La cité, la nuit entre deux mondes
C'est ma city, mon immeuble est complètement en haut, à droite. Au loin, en bas, ce qu'on voit, c'est la Grande Bleue et les Iles d'Or (de mon balcon, je vois même le fort de Brégançon et ça m'énerve...)
La nuit dernière, après avoir comaté devant la téloche, échangé les désormais traditionnels textos avec le charmant, je vais me coucher. Le mistral souffle depuis quelques jours, cette nuit, il est spécialement déchainé. Mais ce bruit de frottement.. C'est trop fort, ce n'est pas le bruit des branches de "mon " arbre, le chêne-liège juste en face de la fenêtre de ma chambre. P.... d'Adèle, comme on dit ici quand on est pressé. Je saute du lit, chope au passage un châle, une clope, ma petite lampe, je fonce au balcon de la cuisine.
Ils sont là, je scrute l'obscurité, 3, non 4 sangliers, 3 gros et un plus petit. J'allume ma lampe, je balaye en face de moi, et tout d'un coup... Je sursaute, une cavalcade là tout près. Un des gros est là, à deux mètres de moi à peine. Pas impressionné par la lumière. Il ne bouge plus, je retiens mon souffle. Je ne sais pas combien de temps on reste là, tous les deux, à se regarder. Moi sur le balcon de ma maison en béton, lui qui a peut-être galopé sur des kilomètres avec sa bande parce que les glands du quartier sont plus abondants, ou plus sucrés. L'impression d'être téléportée, d'avoir un contact avec un être d'une autre planète. Est-ce que ça pense, un sanglier, est-ce qu'il voit que je ne suis pas une ennemie. Je me lance bonsoir.., il ne bronche pas.
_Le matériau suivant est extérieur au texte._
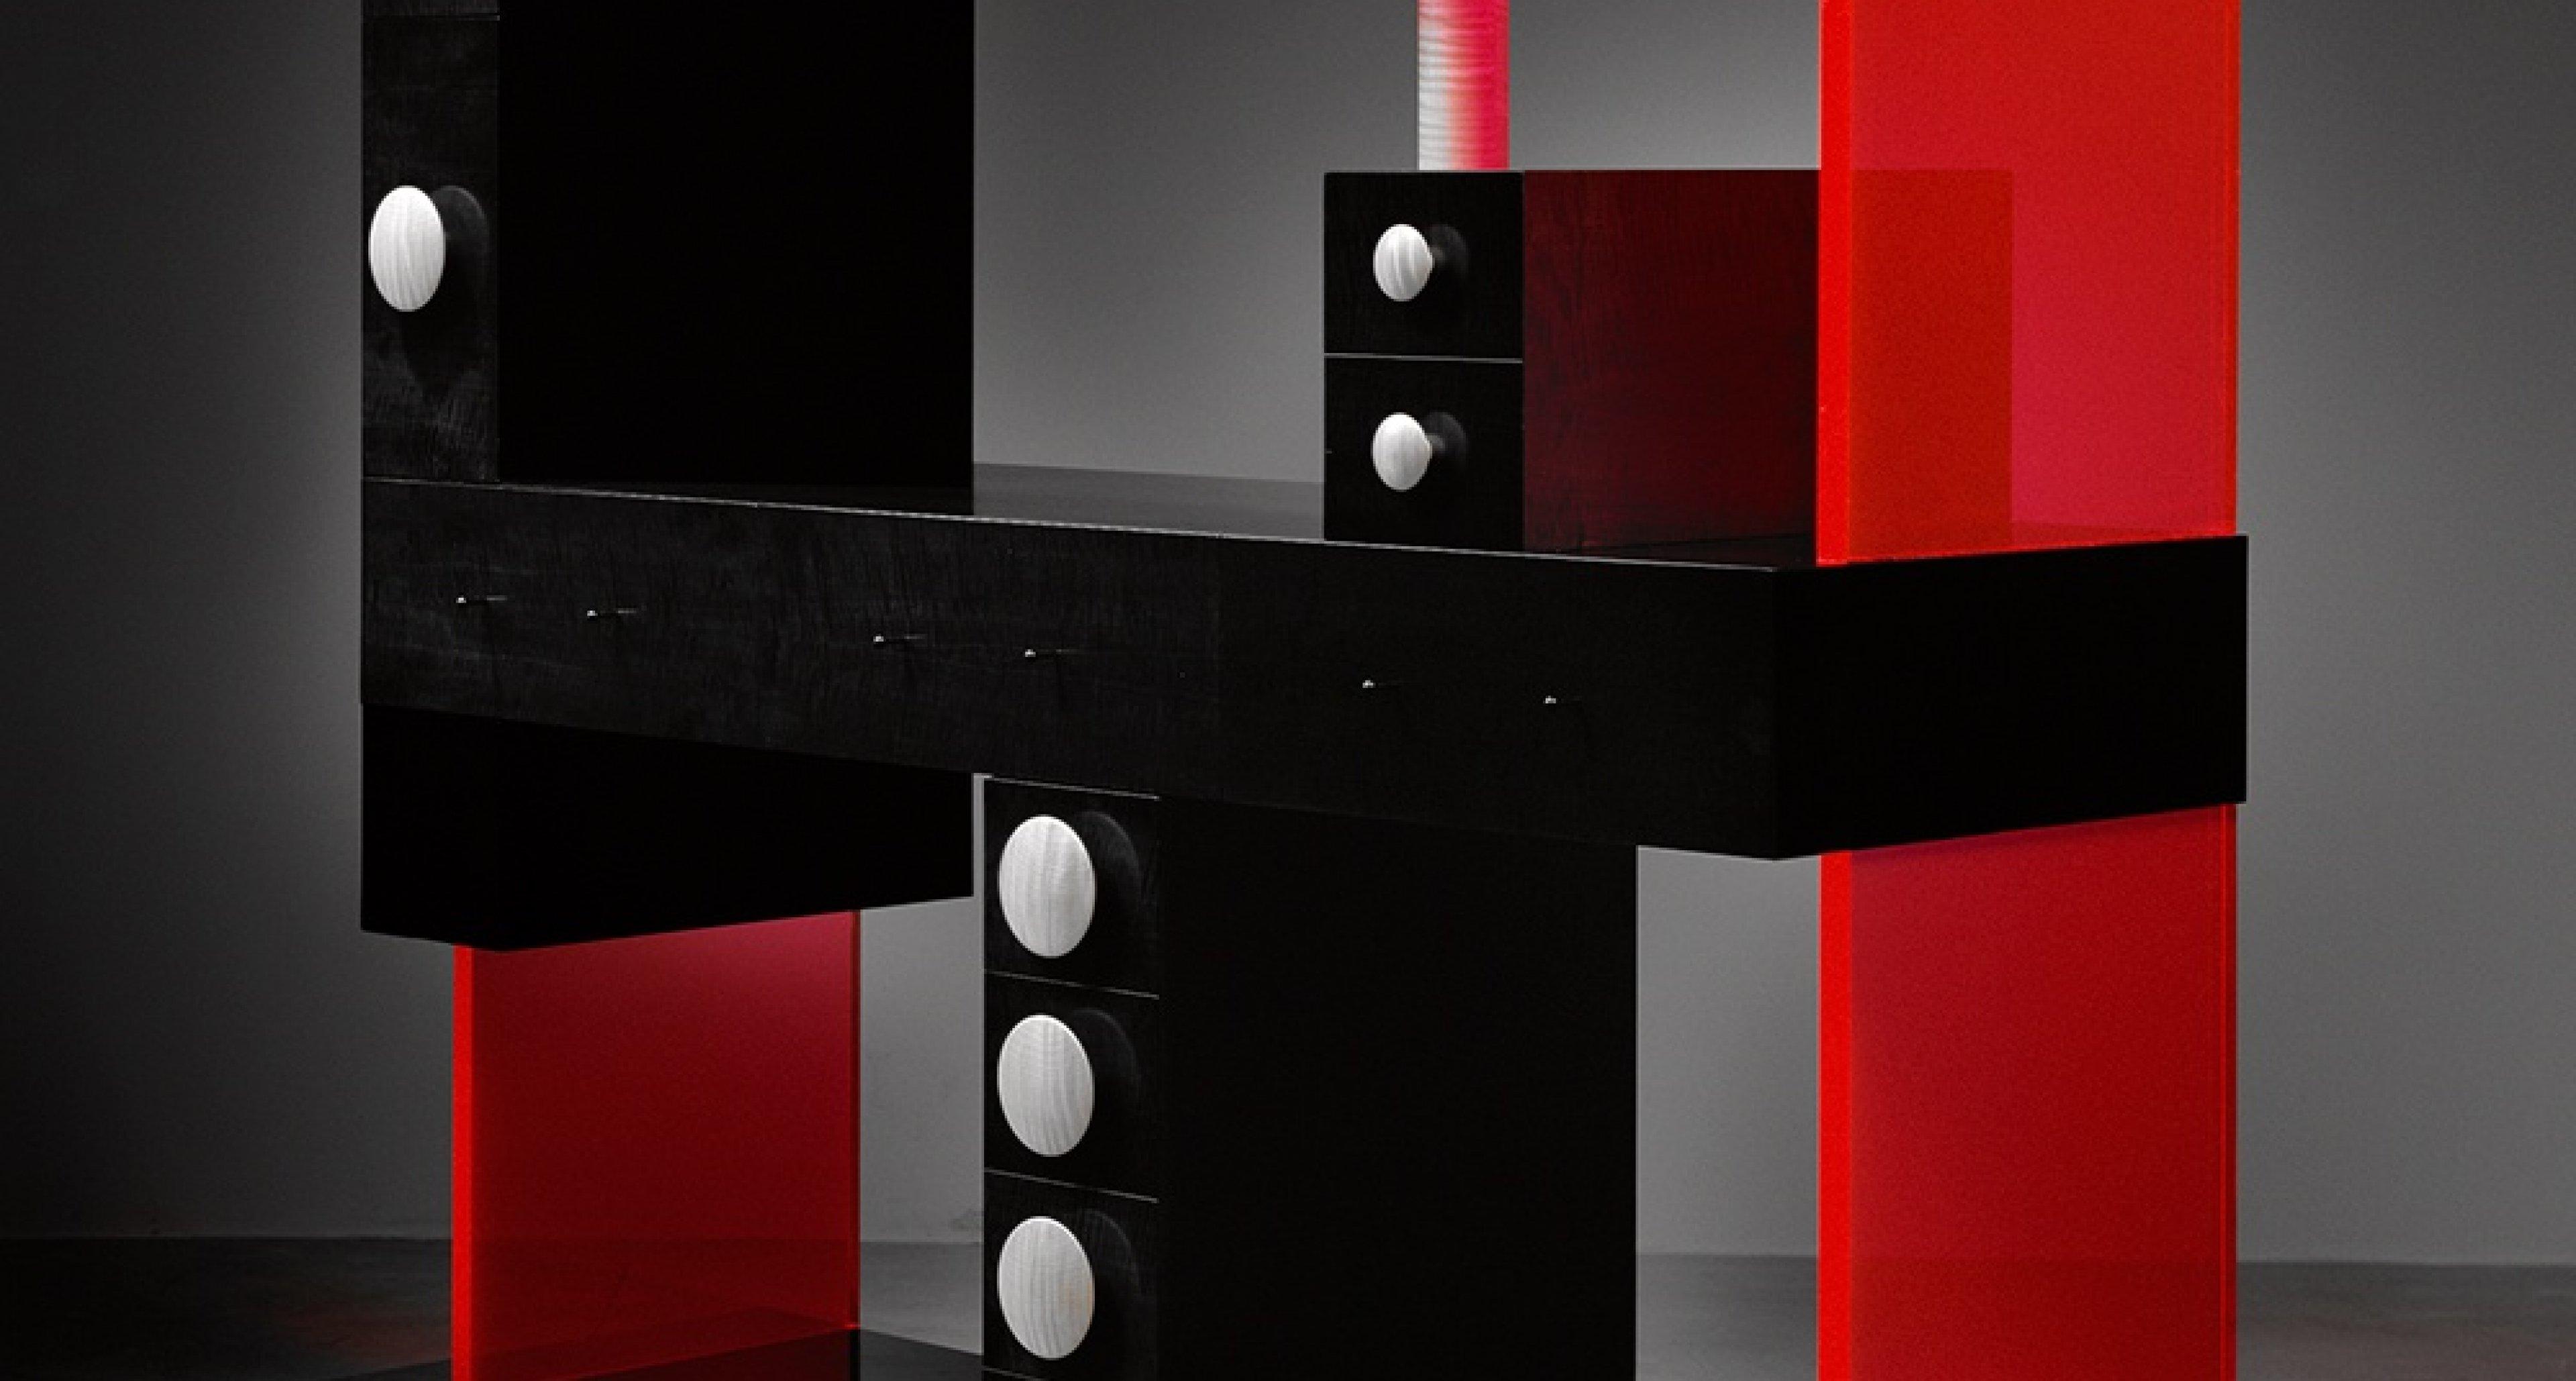 Ettore Sottsass (Italian, 1917-2007) Cabinet No. 56 2003 Wood, ebonized pearwood veneer, acrylic 80 1/8 × 82 7/8 × 23 5/8 in. (203.5 × 210.5 × 60 cm) Courtesy of The Gallery Mourmans © Studio Ettore Sottsass Srl

Et puis, les autres commencent à remonter vers le haut de la colline en grognant, il fait demi-tour, disparait sous les branches.
Le chat vient se frotter contre moi, un peu inquiet quand même. Des fois que je ne lui préfère une de ces grosses bêtes. Je vais me recoucher, je m'endors en rêvant à des forêts inexplorées, des nuits peuplées de sangliers, de petits ducs, même de lutins.